Вообще мне было трудно разделять испуг старших перед варварами. Константинополь казался мне таким огромным, могучим, неприступным. Какой враг решится полезть на его высокие стены? Кто осмелится приблизиться по морю к боевым кораблям, стоящим в гаванях, бороздящим волны Мраморного моря? А в праздники люди высыпали на улицы в таком самозабвенном ликовании, что их обычные страхи начинали казаться мне просто маскарадной забавой, острой приправой к развлечениям.
(Галла Пласидия умолкает на время)
Из Нолы, оставив дядю Понтия Меропия, я выехал в направлении Капуи. Добрый епископ стоял у ограды своей церкви и махал нам веткой маслины.
Здесь, я полагаю, следует рассказать о том, под какой личиной я проделал тогда, в 419 году, путешествие по Италии.
Поначалу я хотел прикинуться бедным паломником и брести от города до города, от церкви до церкви, не привлекая внимания ни стражников, ни грабителей. Зарабатывать я мог ремеслом писца, составляя жалобы и послания на базарах. Это оправдывало бы наличие письменных принадлежностей в моей котомке. Но моя премудрая, моя возлюбленная Афенаис, с которой я поделился своими планами перед отплытием из Греции (а я к тому времени уже делился с нею всем-всем), насмешливо сказала, что моя котомка по выходе из Рима согнет меня вдвое, а на подходе к Равенне сломает совсем.
- Ты собираешься записывать рассказы людей о Пелагии, - говорила она, болтая голой пяткой в воде ручья. - По-твоему, можно будет обойтись двумя-тремя папирусами? На самом деле тебе понадобятся тюки, сундуки и повозки. Где ты будешь все это прятать?
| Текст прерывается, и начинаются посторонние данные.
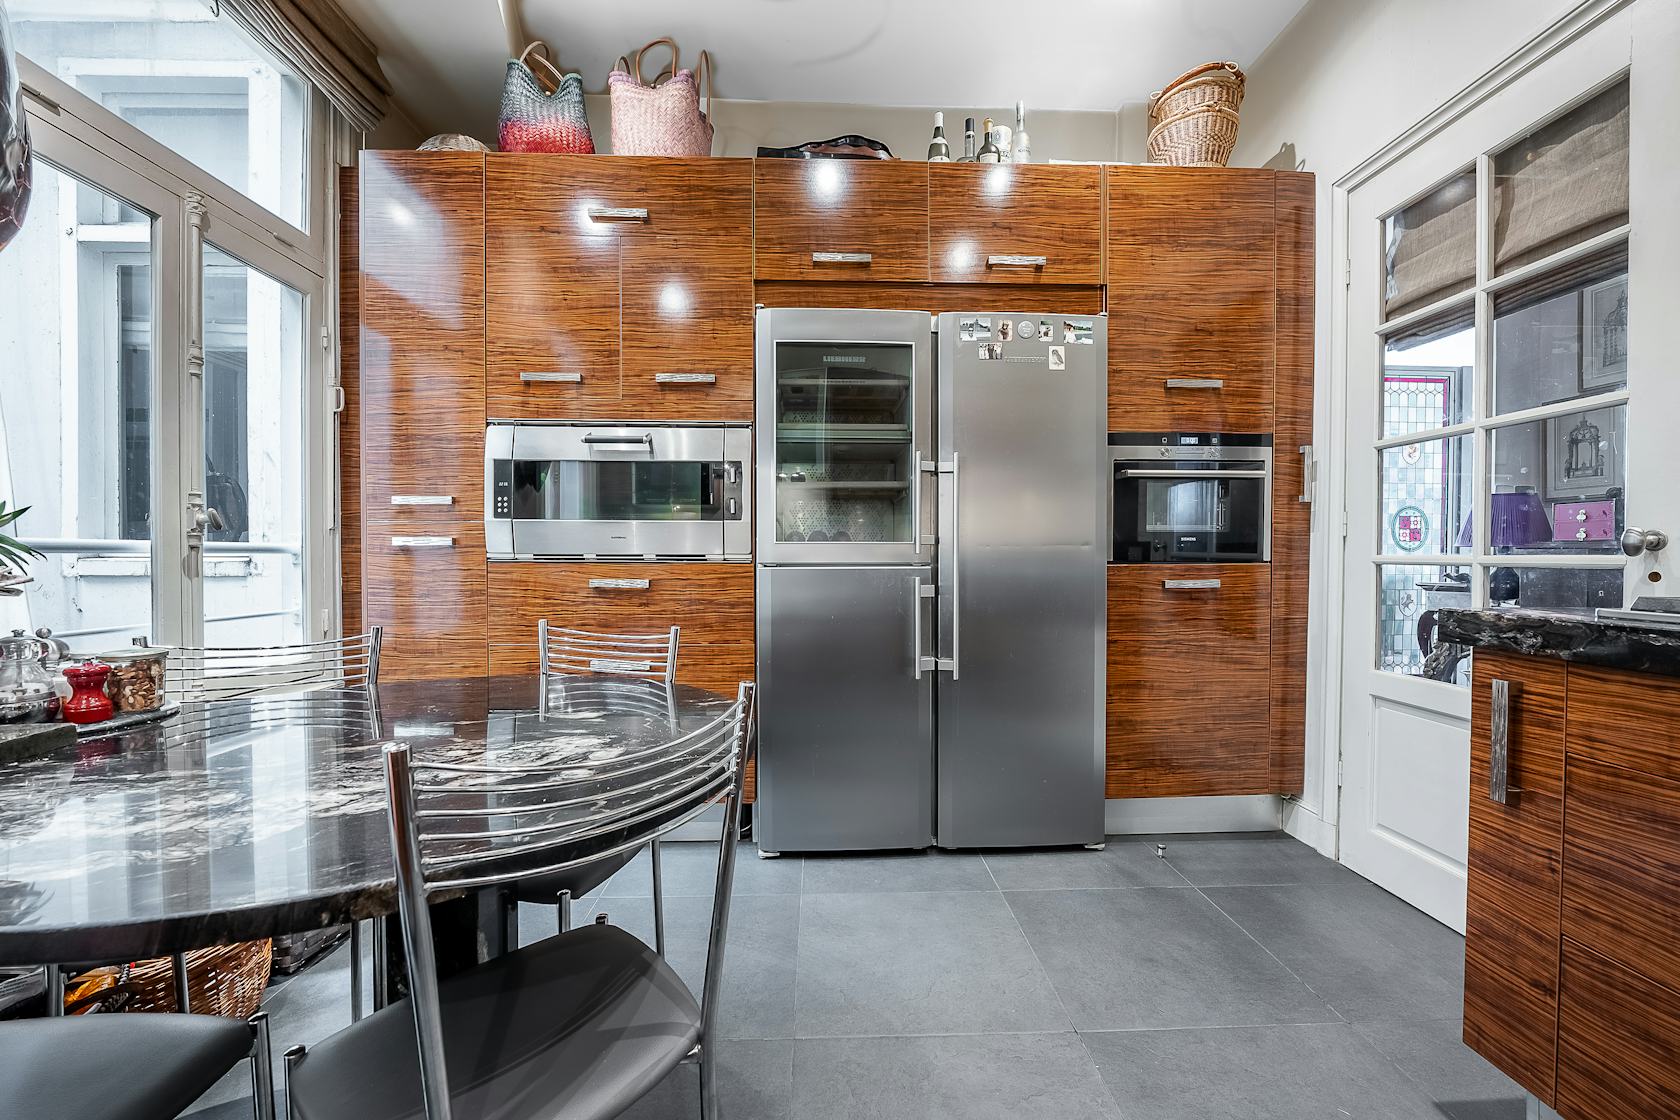 indoors interior design wood kitchen floor hardwood microwave oven flooring refrigerator

Нет, надо устроить так, чтобы твои записи были у всех на глазах и в то же время невидимы. Да, вот какая чудная идея пришла мне в голову! Ты будешь путешествовать под видом странствующего врача. И всем объяснять, что на табличках и свитках у тебя лечебные заклинания и заговоры, которые ты везешь на продажу. В итальянских деревнях люди до сих пор верят в этот вздор. Особенно если записи сделаны по-гречески. Главное - не лениться, вставать пораньше и уходить из селения до рассвета. Чтобы твои пациенты не успели отыскать тебя наутро и поколотить.
О, моя Афенаис! Как она умела смеяться и смешить. Она подбрасывала и разглядывала занятную идею, как мячик, не забывая в то же время искать в ней полезное зернышко.
- Да-да, ты должен действительно заготовить несколько табличек-амулетов на продажу. Если же какой-то покупатель потянется к нужной записи, ты всегда можешь сказать, что для его болезни это заклинание не подходит. Может только навредить. Кроме того, есть много способов скрывать написанное. Галлы пишут молоком ослицы, отправляют невидимое послание, а получатель кладет папирус на горячий камень, и тогда буквы проступают. Или воспользуйся хитростью лаконцев. Ты наматываешь тонкую ленту папируса спиралью на бамбуковую трубку, пишешь на нем, а потом разматываешь, и буквы рассыпаются в полную бессмыслицу. Чтобы собрать их снова, нужно знать, на какую трубку намотать ленту. Ну и, конечно, если ты поедешь под видом врача, ты должен взять с собой Бласта Гигина.
Тут даже я забыл о серьезности своего путешествия и от смеха чуть не свалился с камня на стаю мальков в ручье.